Aim of the task: In the entries below, find the line with "new styles 54b69" and transcribe it and every line after it exactly, through the last line, without pictures.

Information shown:
────────────────
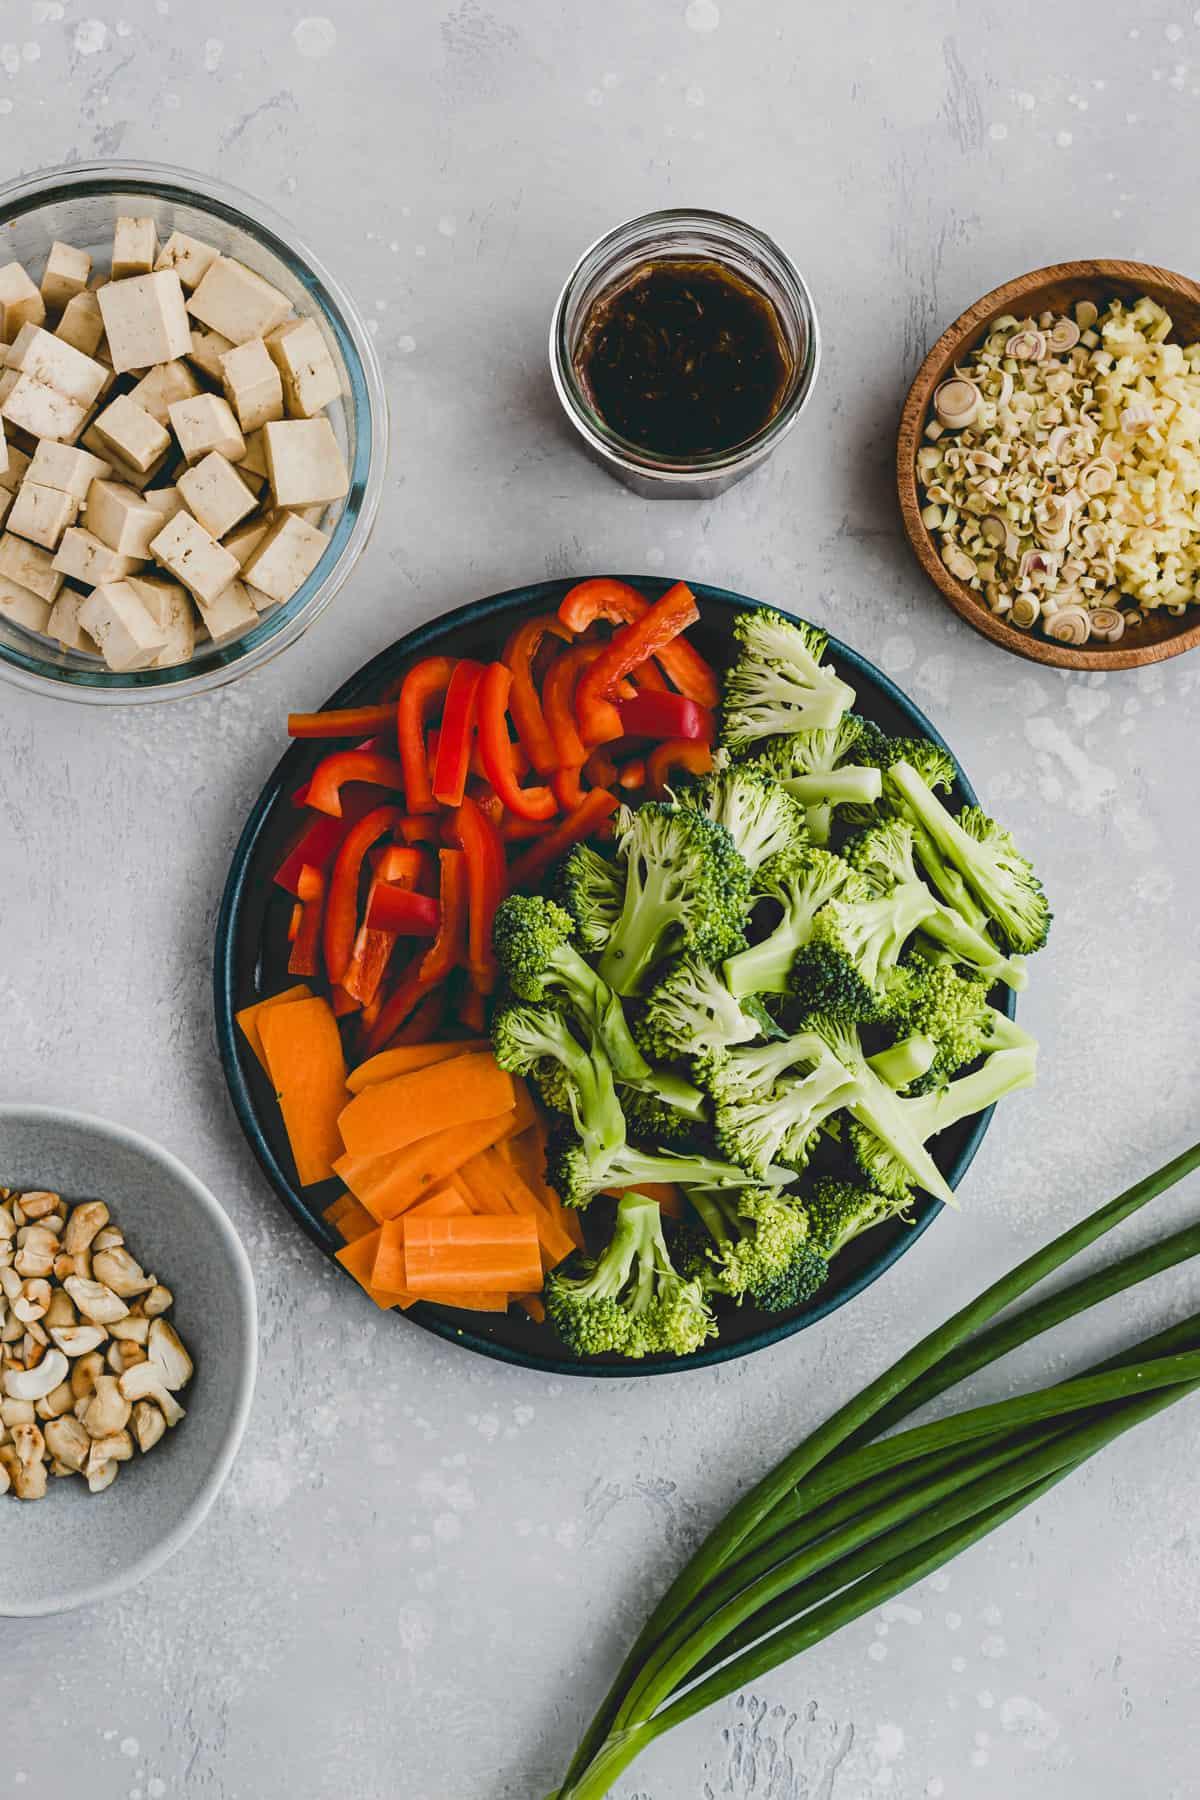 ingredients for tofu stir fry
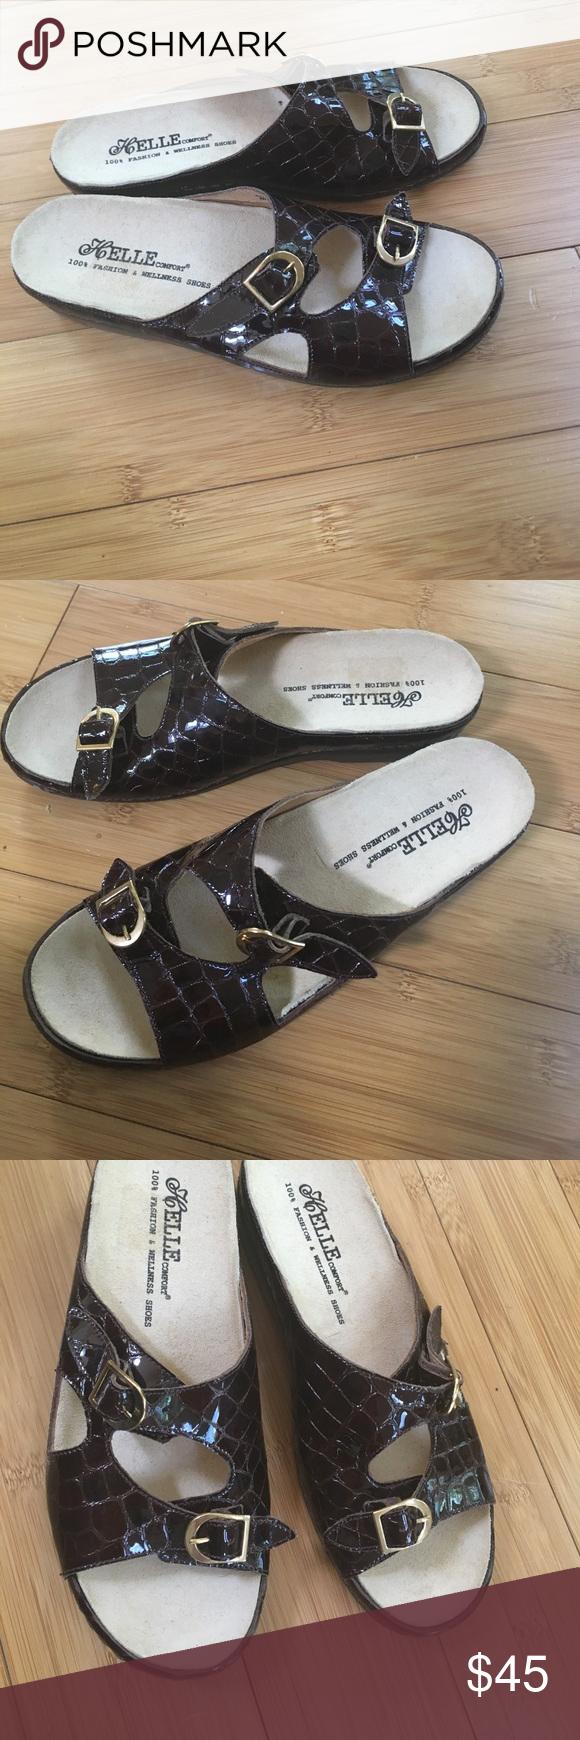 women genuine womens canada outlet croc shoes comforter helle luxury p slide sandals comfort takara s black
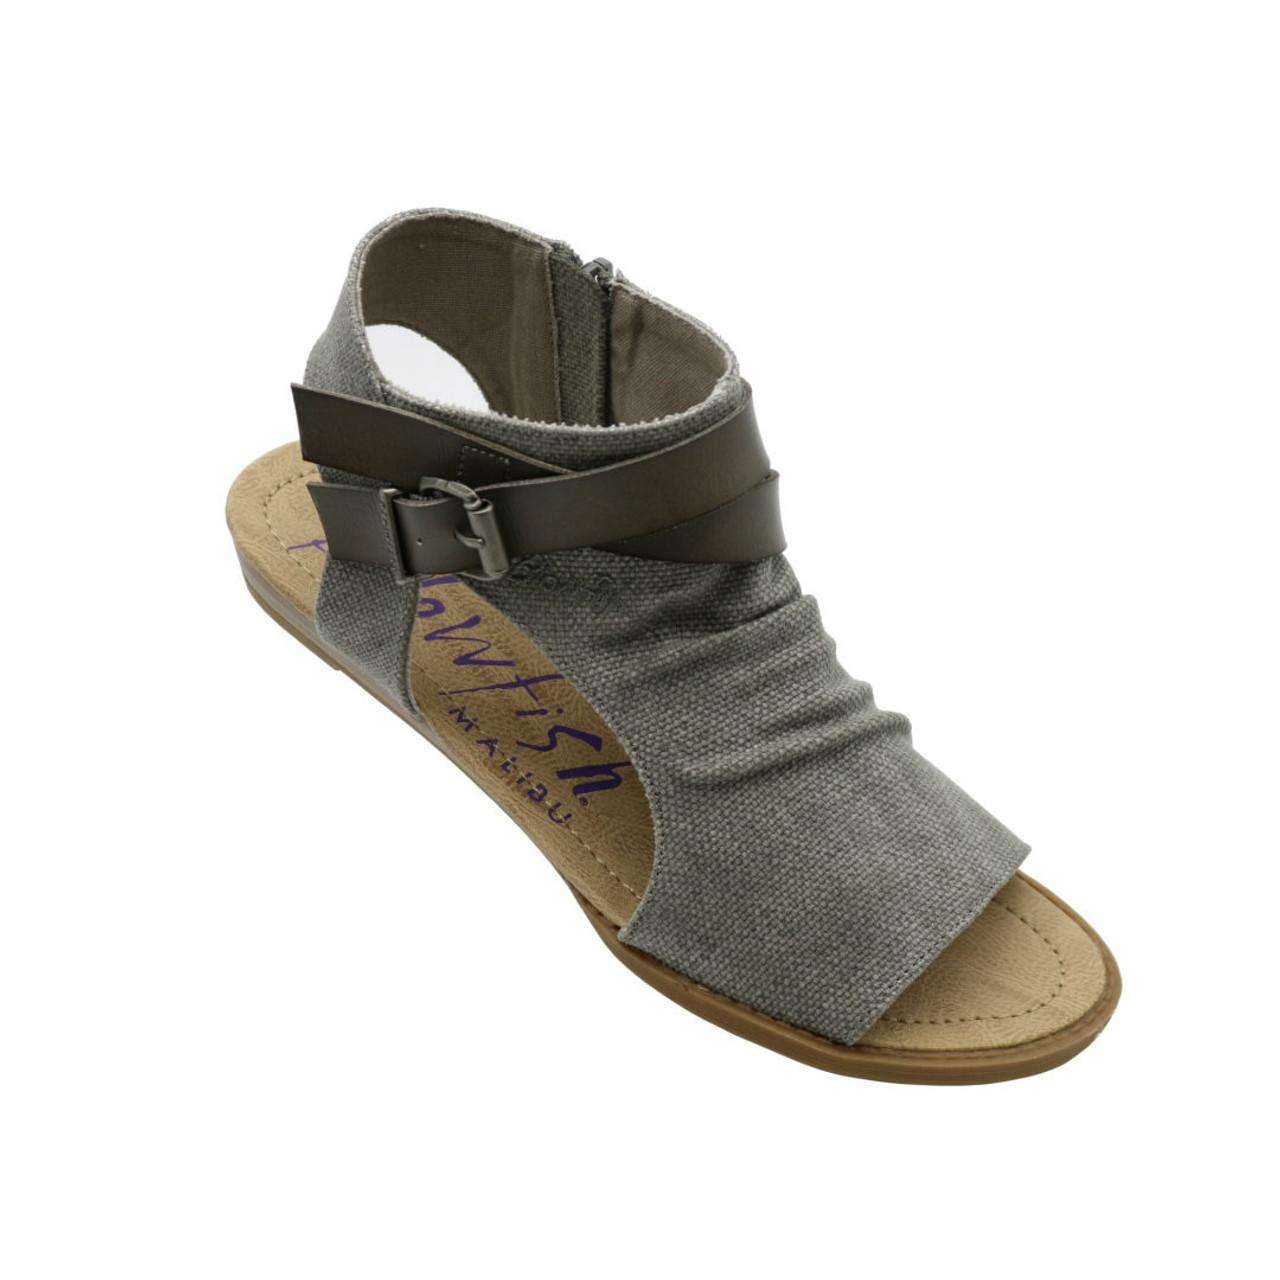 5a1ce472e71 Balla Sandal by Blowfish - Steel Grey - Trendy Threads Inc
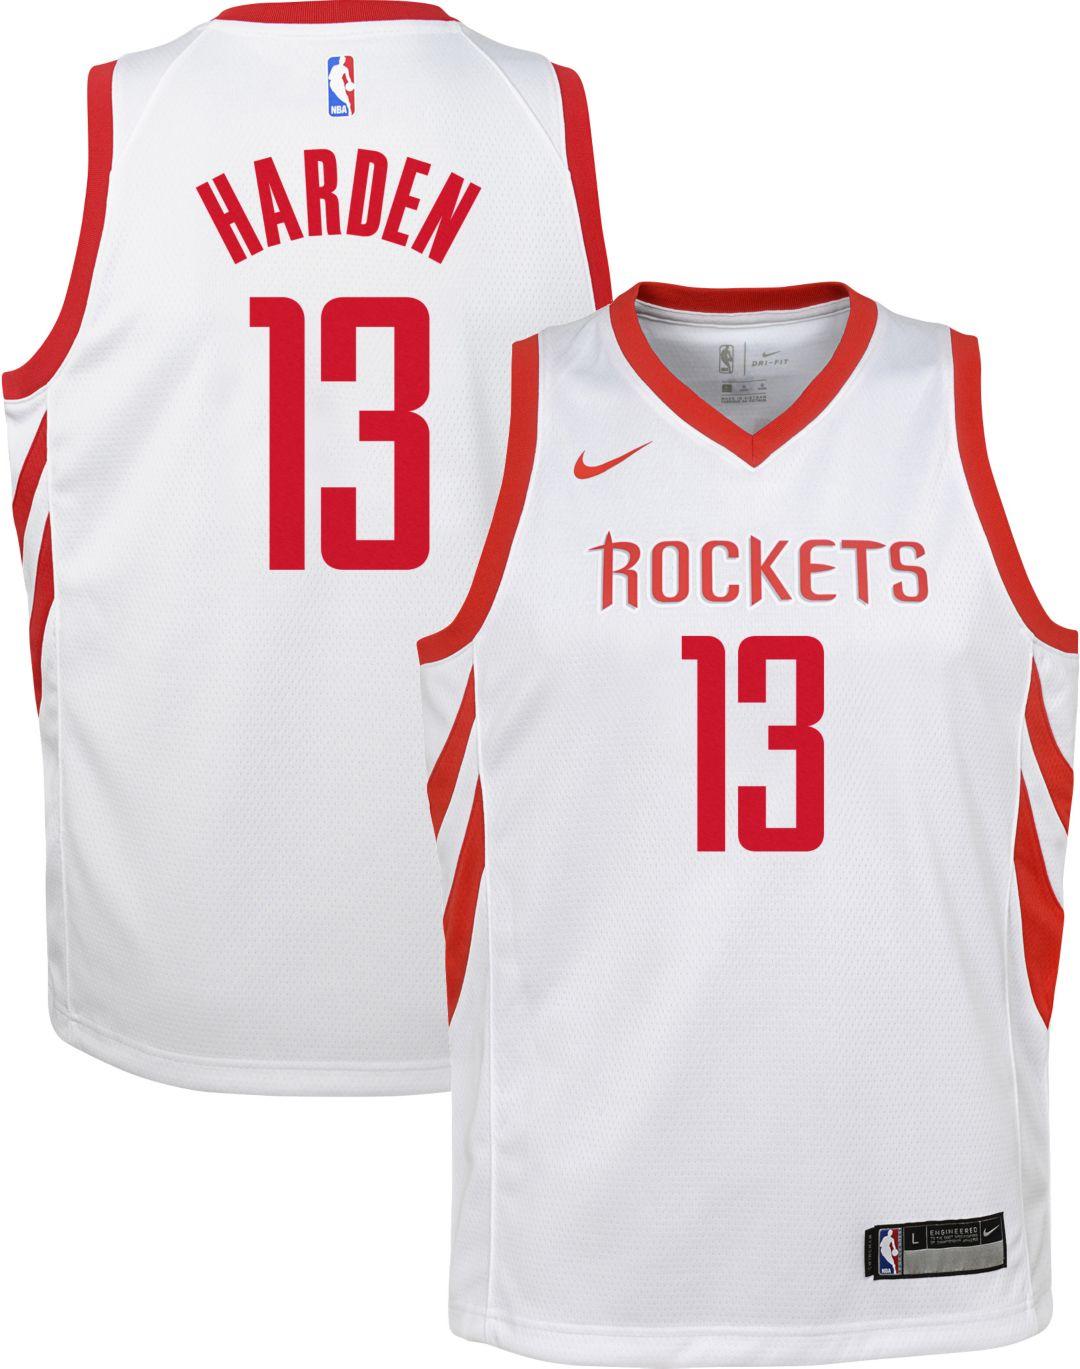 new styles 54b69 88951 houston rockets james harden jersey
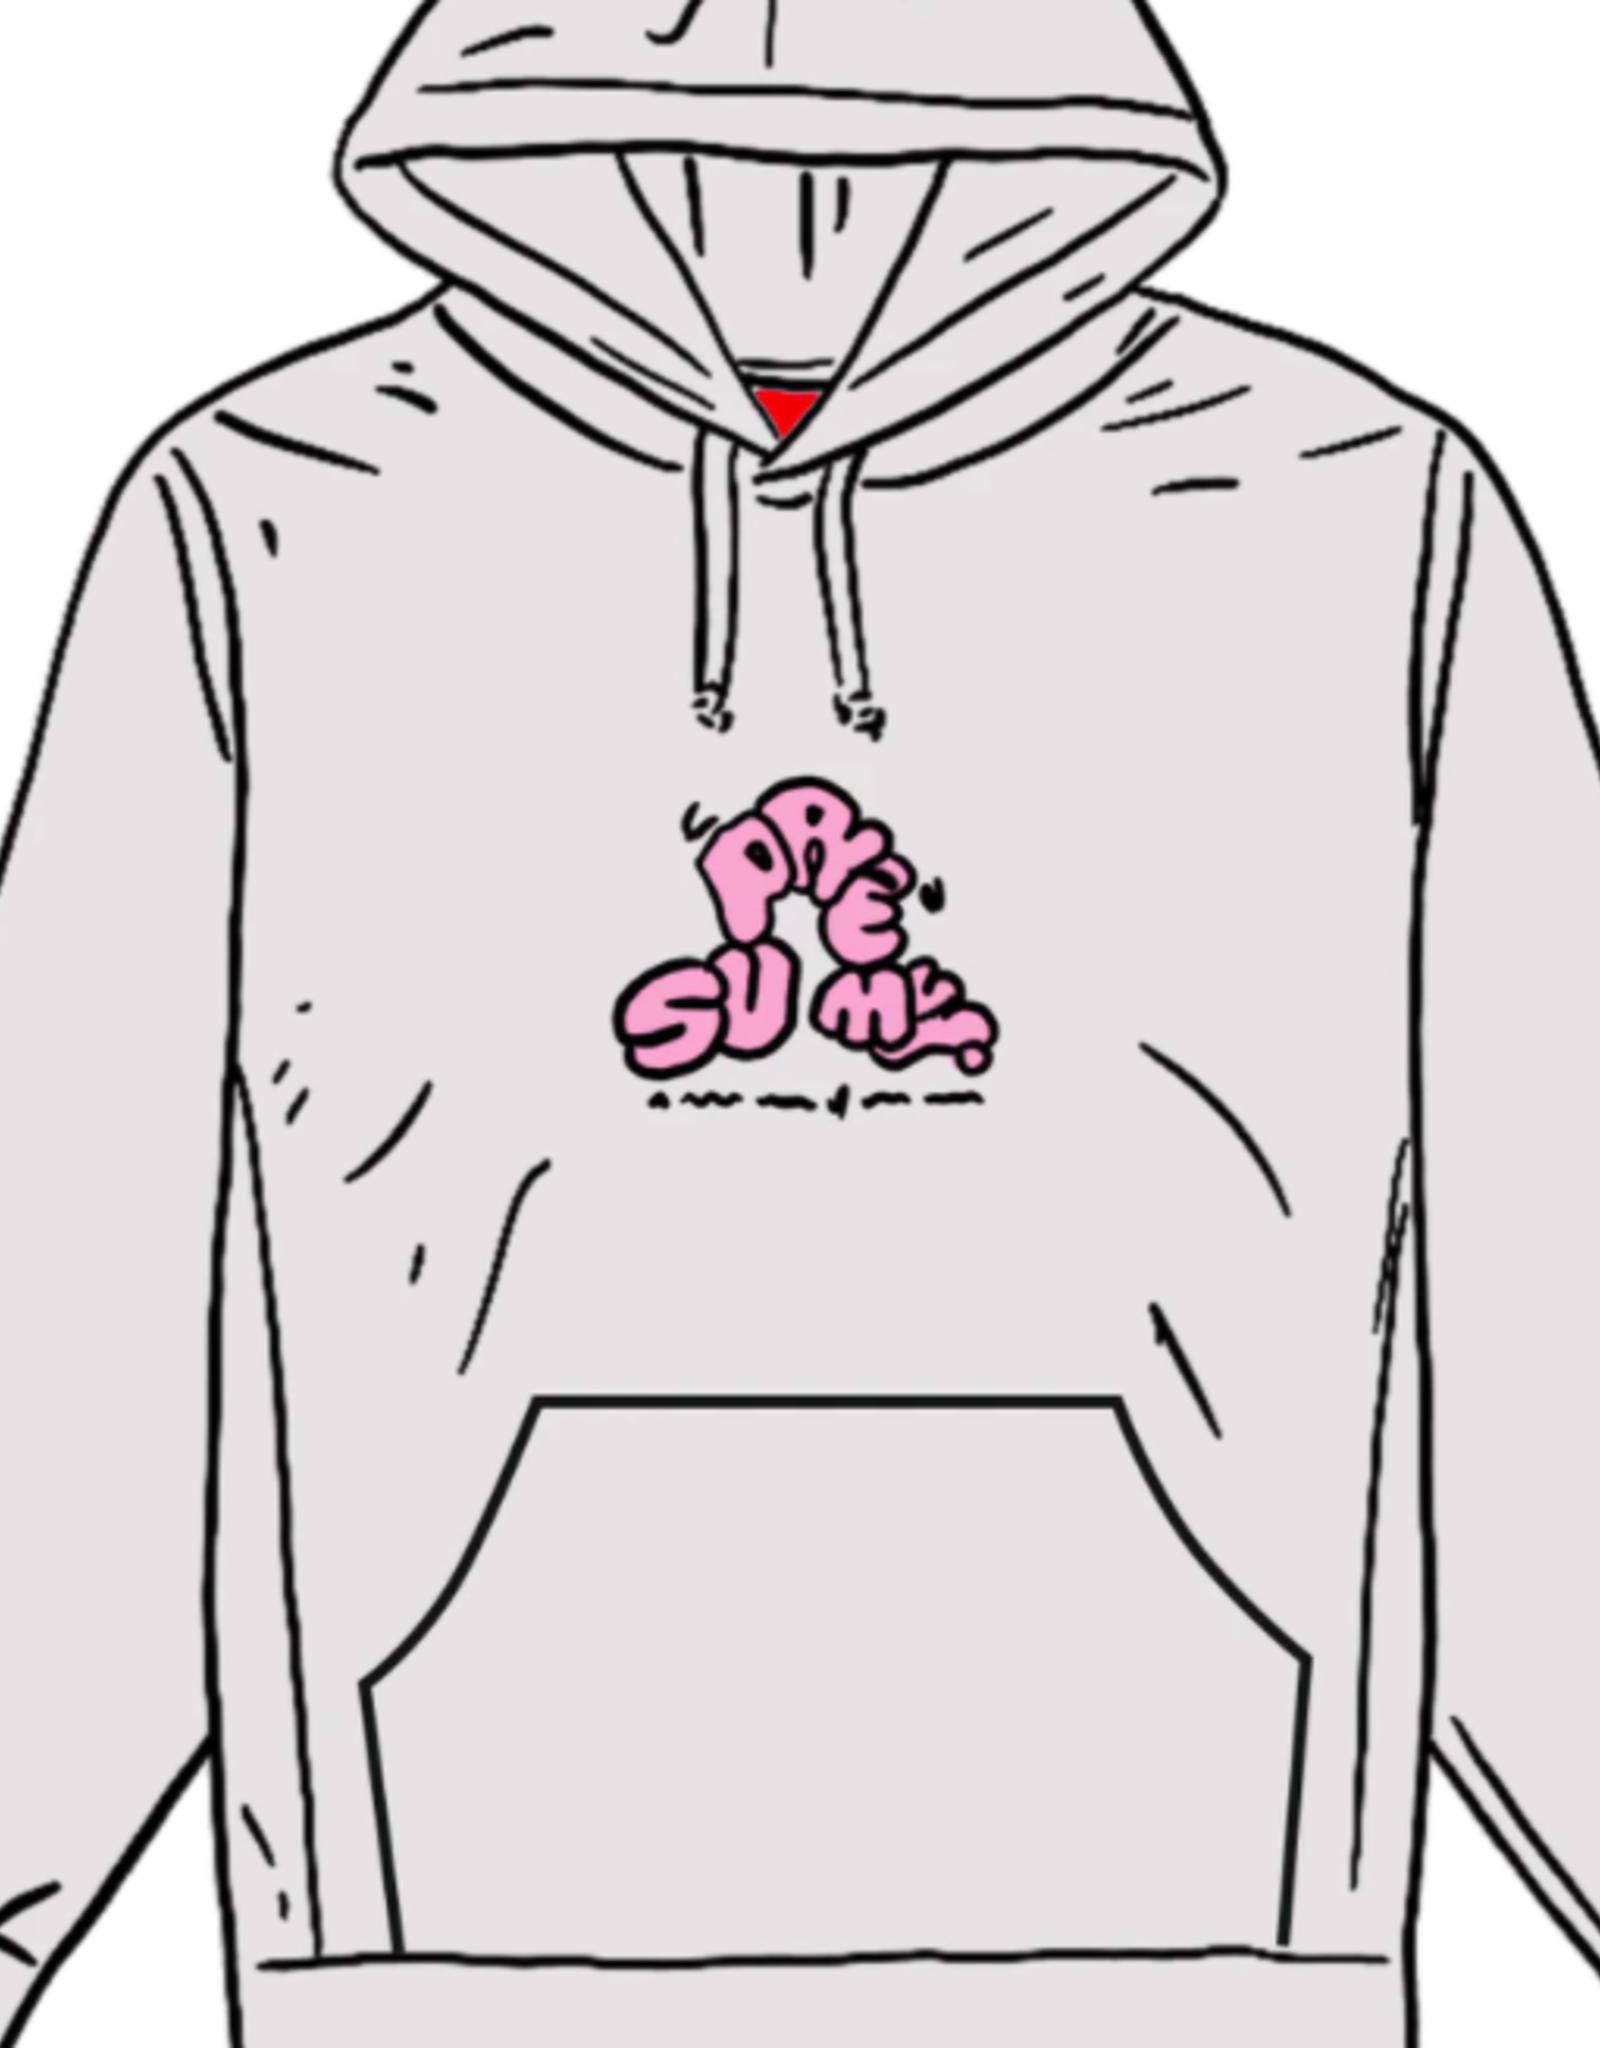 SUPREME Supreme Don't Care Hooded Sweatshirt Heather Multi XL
────────────────
Your response:
 new styles 54b69 88951 houston rockets james harden jersey
 SUPREME Supreme Don't Care Hooded Sweatshirt Heather Multi XL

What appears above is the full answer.